How to complete this task
Every line with "nghị" in it must be copied from the data.

Working data

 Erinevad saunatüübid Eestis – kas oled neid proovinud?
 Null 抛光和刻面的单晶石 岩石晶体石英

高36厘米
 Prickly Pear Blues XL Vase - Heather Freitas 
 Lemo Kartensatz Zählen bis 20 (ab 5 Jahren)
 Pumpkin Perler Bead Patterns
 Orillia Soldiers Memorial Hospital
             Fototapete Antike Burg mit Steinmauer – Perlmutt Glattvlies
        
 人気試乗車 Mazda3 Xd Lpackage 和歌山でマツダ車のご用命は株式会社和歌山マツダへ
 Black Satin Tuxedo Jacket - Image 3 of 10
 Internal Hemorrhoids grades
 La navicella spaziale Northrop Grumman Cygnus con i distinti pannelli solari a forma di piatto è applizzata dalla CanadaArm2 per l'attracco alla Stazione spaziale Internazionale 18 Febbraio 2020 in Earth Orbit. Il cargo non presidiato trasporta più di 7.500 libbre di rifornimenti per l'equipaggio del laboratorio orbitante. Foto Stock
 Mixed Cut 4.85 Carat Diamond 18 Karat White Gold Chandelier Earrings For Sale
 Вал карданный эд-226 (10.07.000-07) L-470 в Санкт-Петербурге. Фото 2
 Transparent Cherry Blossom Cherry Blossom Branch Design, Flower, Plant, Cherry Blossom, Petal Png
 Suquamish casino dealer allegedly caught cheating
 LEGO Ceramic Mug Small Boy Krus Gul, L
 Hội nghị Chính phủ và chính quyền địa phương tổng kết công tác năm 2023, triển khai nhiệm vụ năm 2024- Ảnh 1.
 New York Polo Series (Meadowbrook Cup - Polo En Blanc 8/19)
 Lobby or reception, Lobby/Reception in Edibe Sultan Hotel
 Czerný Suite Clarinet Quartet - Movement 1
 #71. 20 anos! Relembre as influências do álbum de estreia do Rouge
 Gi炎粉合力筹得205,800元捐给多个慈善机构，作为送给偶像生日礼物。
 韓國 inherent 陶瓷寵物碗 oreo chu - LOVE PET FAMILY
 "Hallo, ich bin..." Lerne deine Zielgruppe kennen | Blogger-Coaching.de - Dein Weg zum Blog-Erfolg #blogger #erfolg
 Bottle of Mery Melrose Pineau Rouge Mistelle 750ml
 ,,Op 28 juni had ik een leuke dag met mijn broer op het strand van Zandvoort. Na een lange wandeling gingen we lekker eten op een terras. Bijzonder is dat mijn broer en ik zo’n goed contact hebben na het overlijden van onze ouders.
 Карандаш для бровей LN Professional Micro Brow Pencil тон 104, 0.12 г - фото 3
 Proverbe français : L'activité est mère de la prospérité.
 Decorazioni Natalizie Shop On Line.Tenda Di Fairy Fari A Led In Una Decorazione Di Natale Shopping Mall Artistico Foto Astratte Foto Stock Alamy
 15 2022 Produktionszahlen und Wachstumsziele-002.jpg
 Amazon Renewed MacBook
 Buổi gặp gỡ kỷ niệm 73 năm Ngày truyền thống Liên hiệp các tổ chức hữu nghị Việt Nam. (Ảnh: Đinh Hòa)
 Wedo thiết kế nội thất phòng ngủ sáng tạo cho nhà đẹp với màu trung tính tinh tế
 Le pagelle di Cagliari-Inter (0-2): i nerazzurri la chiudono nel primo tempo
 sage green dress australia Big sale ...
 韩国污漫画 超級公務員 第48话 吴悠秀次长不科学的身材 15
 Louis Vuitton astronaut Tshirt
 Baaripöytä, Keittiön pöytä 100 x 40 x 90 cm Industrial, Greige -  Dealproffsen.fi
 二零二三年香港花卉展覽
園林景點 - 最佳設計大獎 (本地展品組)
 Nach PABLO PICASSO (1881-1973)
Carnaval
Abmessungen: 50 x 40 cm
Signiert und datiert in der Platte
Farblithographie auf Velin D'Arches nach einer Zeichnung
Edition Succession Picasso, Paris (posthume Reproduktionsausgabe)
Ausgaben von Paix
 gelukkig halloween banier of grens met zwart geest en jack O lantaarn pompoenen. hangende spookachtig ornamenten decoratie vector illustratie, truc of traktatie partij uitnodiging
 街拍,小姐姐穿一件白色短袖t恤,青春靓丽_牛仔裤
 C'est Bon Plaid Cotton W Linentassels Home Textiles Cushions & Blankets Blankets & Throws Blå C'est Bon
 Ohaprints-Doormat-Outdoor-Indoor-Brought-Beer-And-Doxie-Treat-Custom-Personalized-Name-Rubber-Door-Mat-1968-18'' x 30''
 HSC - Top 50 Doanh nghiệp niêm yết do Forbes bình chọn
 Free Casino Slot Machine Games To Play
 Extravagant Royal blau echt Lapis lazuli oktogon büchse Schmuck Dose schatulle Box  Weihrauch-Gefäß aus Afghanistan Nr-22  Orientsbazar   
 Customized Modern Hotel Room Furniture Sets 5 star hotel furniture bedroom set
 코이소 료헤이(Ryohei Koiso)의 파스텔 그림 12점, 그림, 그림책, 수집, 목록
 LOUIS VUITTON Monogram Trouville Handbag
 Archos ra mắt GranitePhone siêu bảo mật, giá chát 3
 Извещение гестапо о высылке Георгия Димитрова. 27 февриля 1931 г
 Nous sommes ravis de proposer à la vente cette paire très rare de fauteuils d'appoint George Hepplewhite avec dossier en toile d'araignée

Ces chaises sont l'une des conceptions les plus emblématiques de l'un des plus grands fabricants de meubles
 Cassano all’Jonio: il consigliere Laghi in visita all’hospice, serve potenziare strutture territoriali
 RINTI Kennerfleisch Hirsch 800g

Answer to this problem
 Hội nghị Chính phủ và chính quyền địa phương tổng kết công tác năm 2023, triển khai nhiệm vụ năm 2024- Ảnh 1.
 Buổi gặp gỡ kỷ niệm 73 năm Ngày truyền thống Liên hiệp các tổ chức hữu nghị Việt Nam. (Ảnh: Đinh Hòa)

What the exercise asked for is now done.